Gasworks presents the first UK solo exhibition by New York-based artist Pedro Neves Marques.
Pedro Neves Marques is a visual artist, filmmaker and writer working across theory and speculative fiction. Informed by anthropology, his films and writings trace the histories of colonialism past and present, while weaving a constant dialogue with contemporary issues of political ecology, science and technology. In particular, his work often engages with indigenous struggles and Amerindian cosmologies in Brazil, where most of his films are produced.
For his first UK solo exhibition, Neves Marques presents a body of works based on his research in a laboratory in São Paulo that breeds genetically-engineered mosquitoes. Ranging from analogue film and digital animation to poetry, the exhibition features new and existing works that interrogate the laboratory as a place that defines the biopolitics of the 21st Century.

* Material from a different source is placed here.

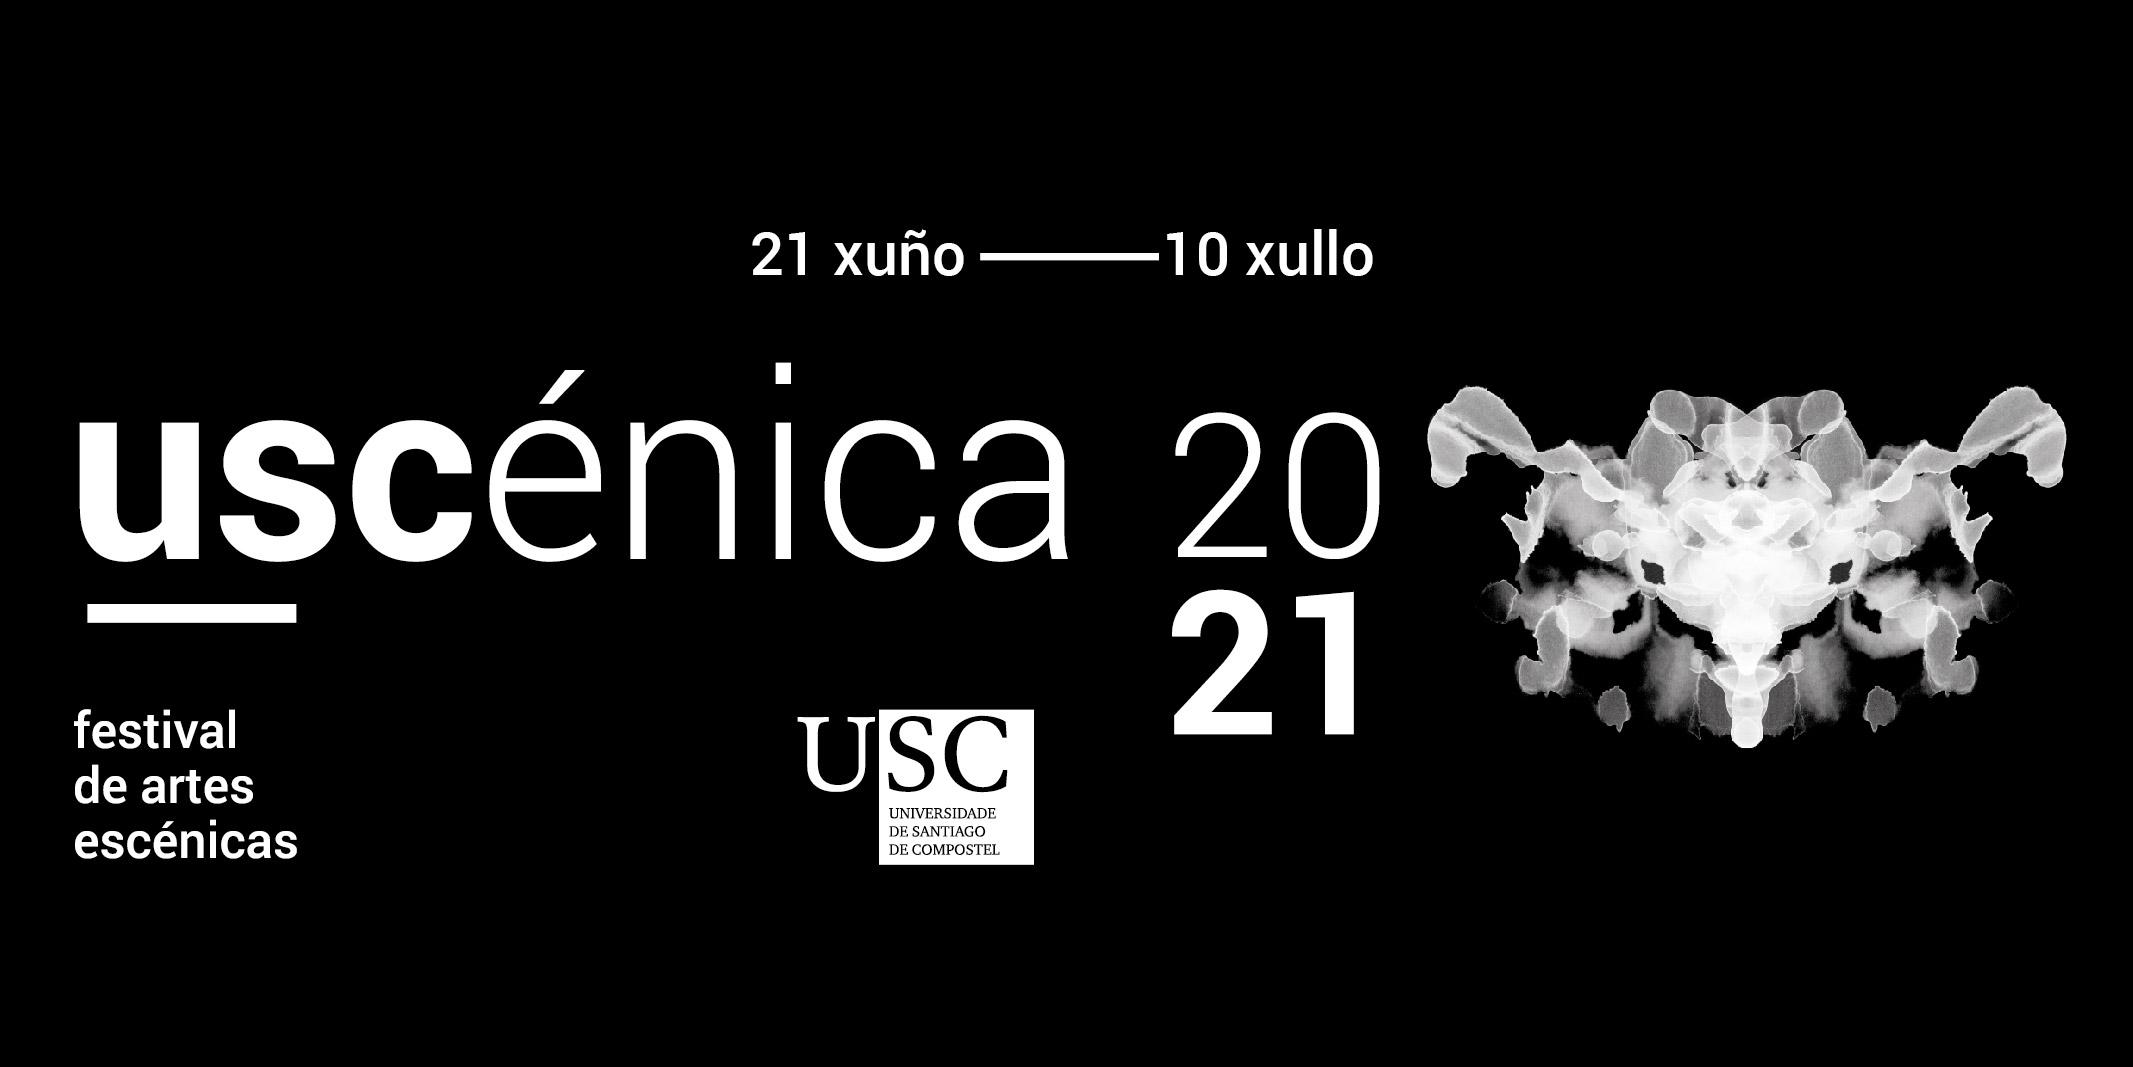 USCénica

The exhibition examines the trauma of biological warfare against the backdrop of the Zika virus epidemic. Blood and sex hormones are revealed as agents of power that operate with extraordinary force in our daily lives at the molecular level. Drawing on the literary traditions of horror and feminist science fiction, Neves Marques invites the viewer to speculate on the future of love, sex, care and intimacy in the midst of the current rise of authoritarian politics.
Pedro Neves Marques is a New York-based artist raised in Lisbon. Recent exhibitions and screenings include: Pérez Art Museum of Miami; New Museum, Anthology Film Archives, Sculpture Center and e-flux in New York; Jeu de Paume and Kadist Art Foundation in Paris; Tate Modern in London; V-A-C Foundation and PAV in Italy; Sursock Art Museum in Beirut; the Times Museum in Guangzhou; Fundación Botín in Santander; Museu Coleção Berardo in Lisbon. In 2017, he published his second short-fiction book, Morrer na América (Dying in America). He is also the editor of The Forest and the School: Where to Sit at the Dinner Table? (2015), the first anthology in English that explores the tradition of Brazilian anthropophagy not just as an aesthetic movement, but also as a cosmopolitical philosophy.